Pay to businesses accepting PayNow UEN payments
Alternatively, you can also use it to make payments for companies that accepts payment via PayNow. GrabPay can be used to pay PayNow UEN (i.e. PayNow tied to a company’s Unique Entity Number), and from what I know, virtually every business with a business banking account of one of the major banks in Singapore would be able to accept PayNow payments via Grab. My tuition centre, for instance, accepts payments via PayNow QR only, but customers can still use GrabPay to pay (for now).

Store for future use
You could also possibly just leave your credits for future use. GrabPay is still able to pay for tricky stuff like utilities or school fees (for now). When news of top-up rewards being taken away hit the grapevines, many people’s reaction was to top up for future use. My response, as usual, is that you lose interest with each passing day the funds sit in your Grab wallet.
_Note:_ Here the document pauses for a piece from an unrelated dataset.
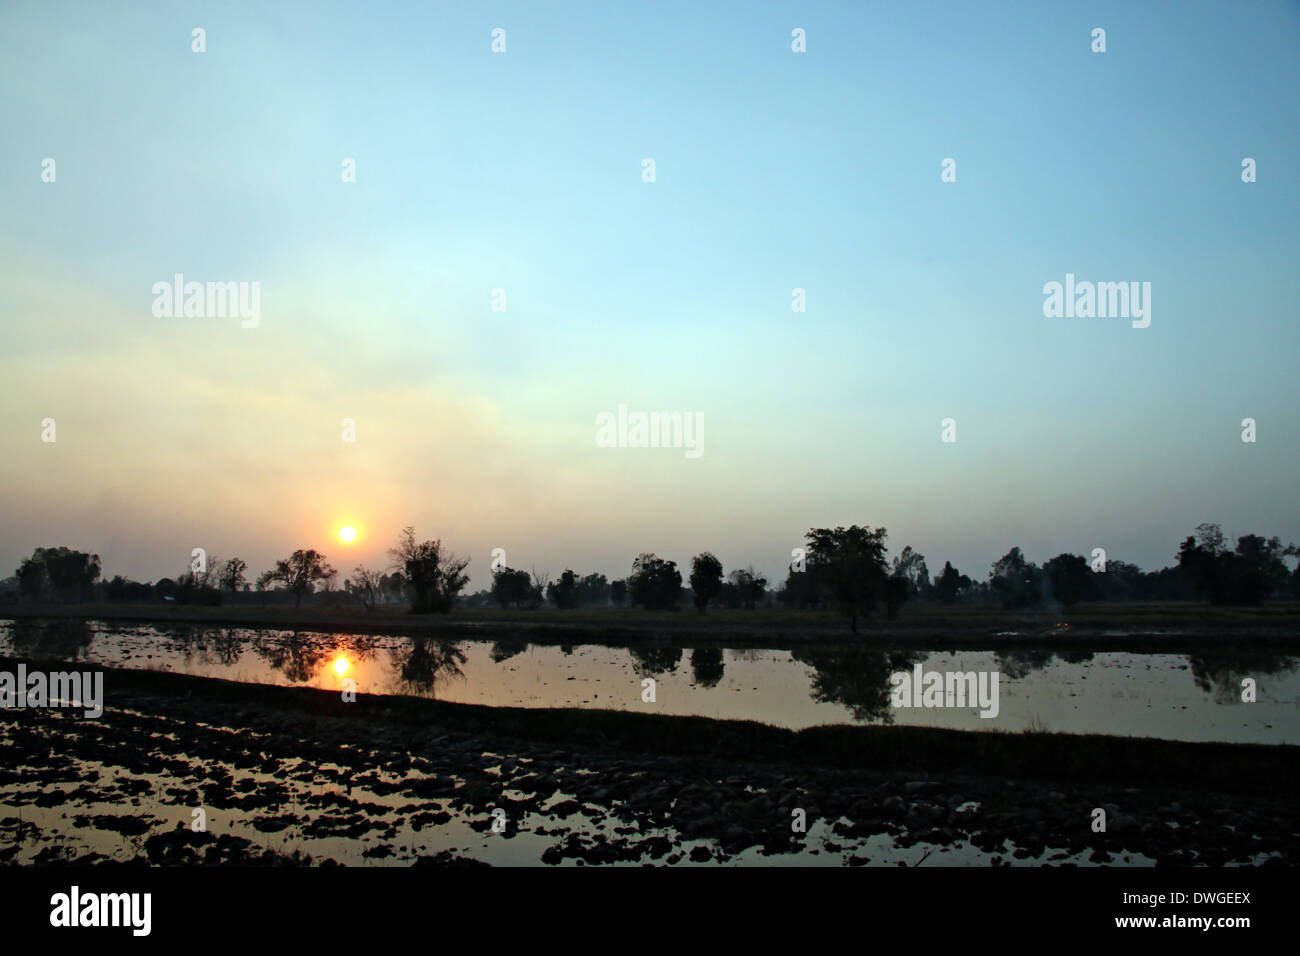 Sunset at the rice farm and light orange reflection on water. Stock Photo

At a 4% p.a. return which isn’t too difficult to achieve from a variety of banks out there, every S$1,000 that idles in your Grab wallet could have earned about $3.33 a month. Your 1.5% cashback is thus negated if you leave your funds unused for about 4.5 months or more.

Moreover, this incident also shows you the risks of storing funds in your GrabPay wallet; the uses of your money can be silently restricted with no prior warning! I wouldn’t store too much funds in my Grab wallet prior to this incident, and now I’m even more reluctant to do so.

Grab is living up to their name or something

Implementing nerfs without prior warning is really bad form. Most companies seem to understand this; American Express, for instance, nerfed top-up rewards and gave slightly more than a month of notice.

Grab probably does realise this, but pushes with such nerfs anyway. People who have topped up ahead of Amex’s nerf would no doubt be burnt by such a move.

As such, rather than wait for pointsback sales, I have also emptied my entire stash of GrabRewards points, all 113,225 of them that I haven’t managed to expend in pointsback campagins.

It hurts the optimiser side of me, of course, but I have decided that peace of mind is more valuable than increasing the value of points I get during pointsback sales. Besides, GrabRewards sales have been few and far in between these days, and usually don’t offer as much value as they once did.

I don’t want to wake up one day and realise that my points have gone down in value, and given Grab’s track record I wouldn’t put it past them to do something like this. Anyway, it seems like chasing away optimisers is their goal these days, and if that is indeed their objective I must say they are really… nailing it.